Solved

Repeated scsi drive failure with windows 2003

Posted on 2003-12-03
18
539 Views
Last Modified: 2012-06-27
Hey Guys,

I'm having problems with drives failing on reboots.  I'm using windows 2003 enterprise server, IBM Ultrastar 160 drives, adaptec 2010S raid controller, supermicro motherboard and backplane.

In the past two weeks, we've had 3 drive failures all on the reboots.   We are running Raid 5 config, so we haven't lost any data, and we have caught it every time.  Basically is there any known issues or compatibility issues with this hardware?

Thanks.....This is a EXTREMELY important question, so it's valued at 500 points.
0
Comment
Question by:johnstaggs
  • 10
  • 7
18 Comments
 
LVL 18

Expert Comment

by:chicagoan
ID: 9869604
Did the drives really fail or are they failing to come ready?
I've seen 160's and 320's in hotswap cages not come ready from a cold start, but work fine if they're inserted into the cage after the system's power up and warm booted.
Sometimes you see  LUN=0 BUS=0 ID=0 Bad SCSI Status – Check Condition messages.
Setting the system bios to do a full post sometimes helps, especially if there is a lot of ram.
These drive can take up to 20 seconds to spin up.
Check the auto spin up jumper settings, though setting all the drives to auto spin can put a severe load on the PSU.

0
 

Author Comment

by:johnstaggs
ID: 9869682
Well, when the system boots, the drives has no lights on what so ever.  Then after Windows boots up, we will go into SMOR (Adaptecs software) to look at the config, and the drive with no lights on will be marked with a red drive, and say "failed".
0
 

Author Comment

by:johnstaggs
ID: 9869697
One thing we did notice with the Ultrastar drives....is some are differant models then the others.  Only 1 model that we have is on the Windows HCL list for Windows 2003 Server......Could this be a potential pitfall?
0
 
LVL 18

Expert Comment

by:chicagoan
ID: 9869856
Are these in a hotswap cage?
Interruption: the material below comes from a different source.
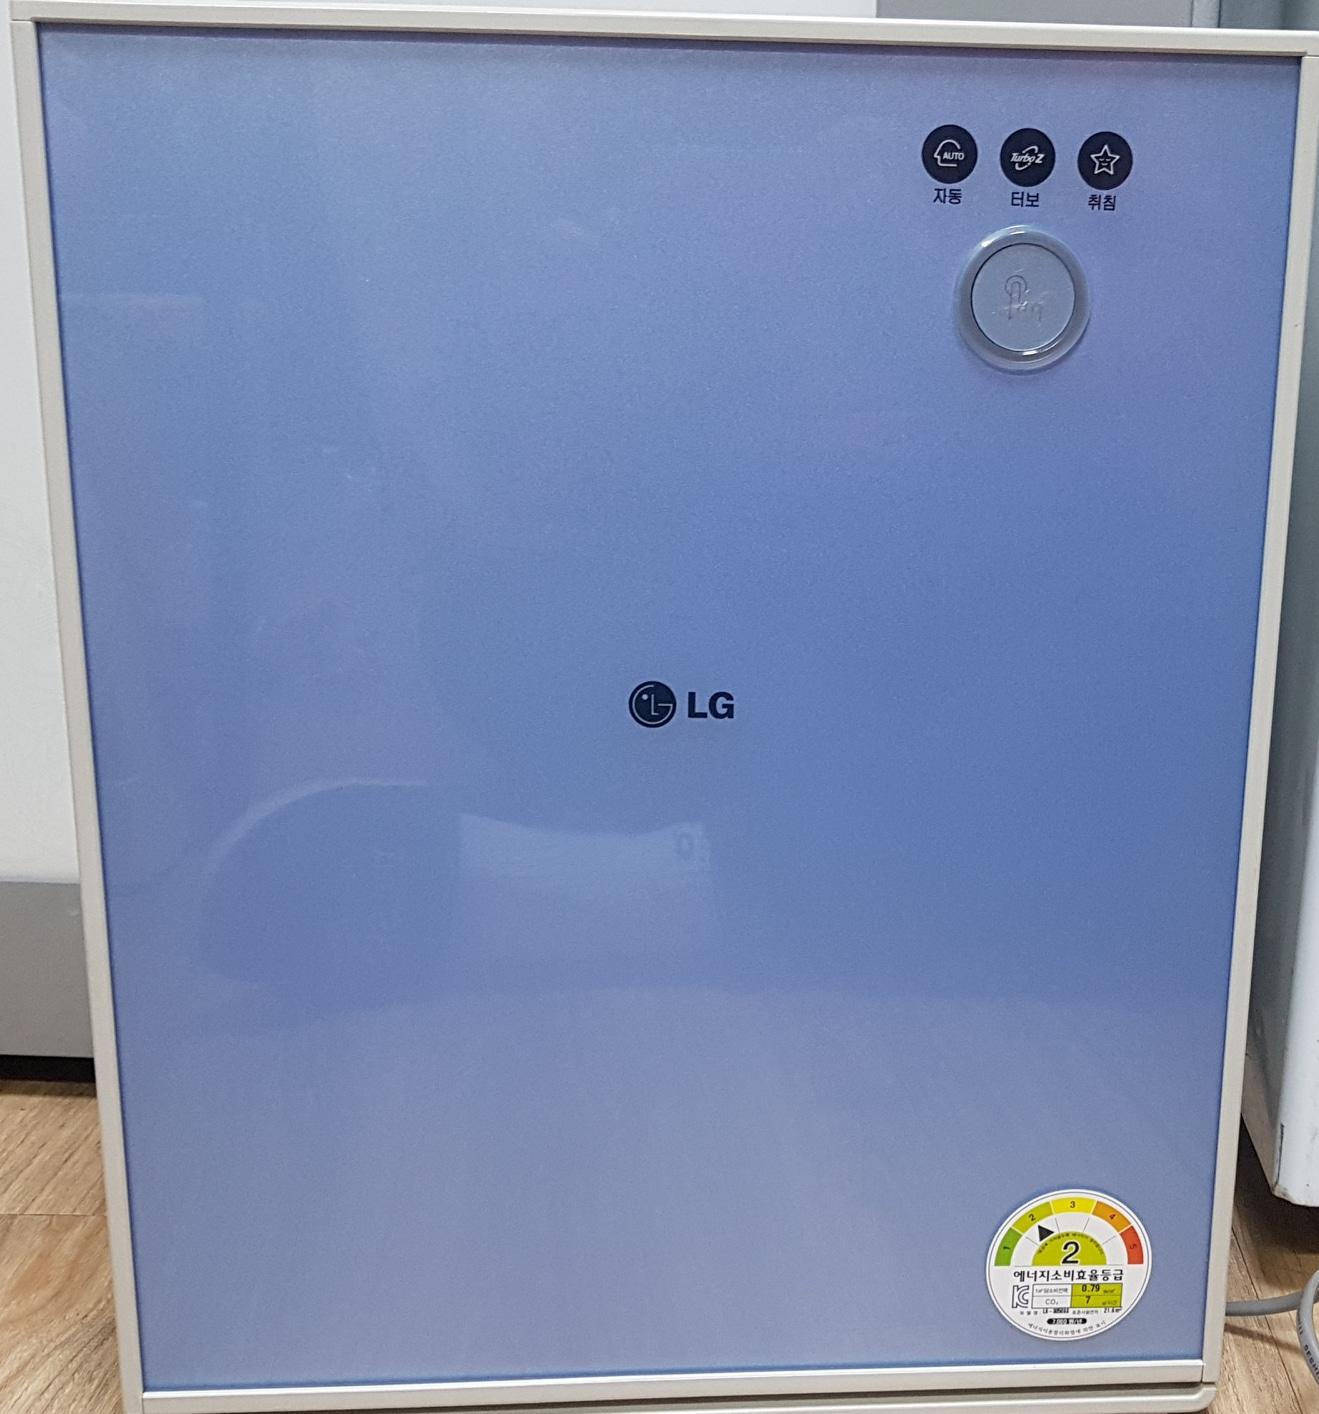 판매완료]] LG공기청정기, 미세먼지 공기청정기,헤파필터공기청정기,

Whose?

What have you done with the failed drives?
0
 

Author Comment

by:johnstaggs
ID: 9870075
Yes, SuperMicro.

We've reformatted them, and gave them another try, and they are able to be used again.
0
 
LVL 18

Expert Comment

by:chicagoan
ID: 9870105
WHich lends credence to them being OK and just not ready.
I'd get with SuperMicro and see what their suggestions are about getting the drives initialized before the OS looks at the array.
0
 

Author Comment

by:johnstaggs
ID: 9870516
The drive is intializing when the system boots up, because you can see it when you post.  And also if you go to SMOR (bios) it will show the raid "degraded".   But maybe I'm not quite getting what your saying.
0
 
LVL 18

Expert Comment

by:chicagoan
ID: 9871411
If the drives test out OK afterward, something's going on at boot time that makes them unavailable to the array.
I'd really be suspicious of the backplane/disk enclosure here, and I'd see what the manufacturerer has to say.
0
 
LVL 47

Expert Comment

by:dbrunton
ID: 9871750
>> WHich lends credence to them being OK and just not ready.

I'll add a couple of comments to this statement.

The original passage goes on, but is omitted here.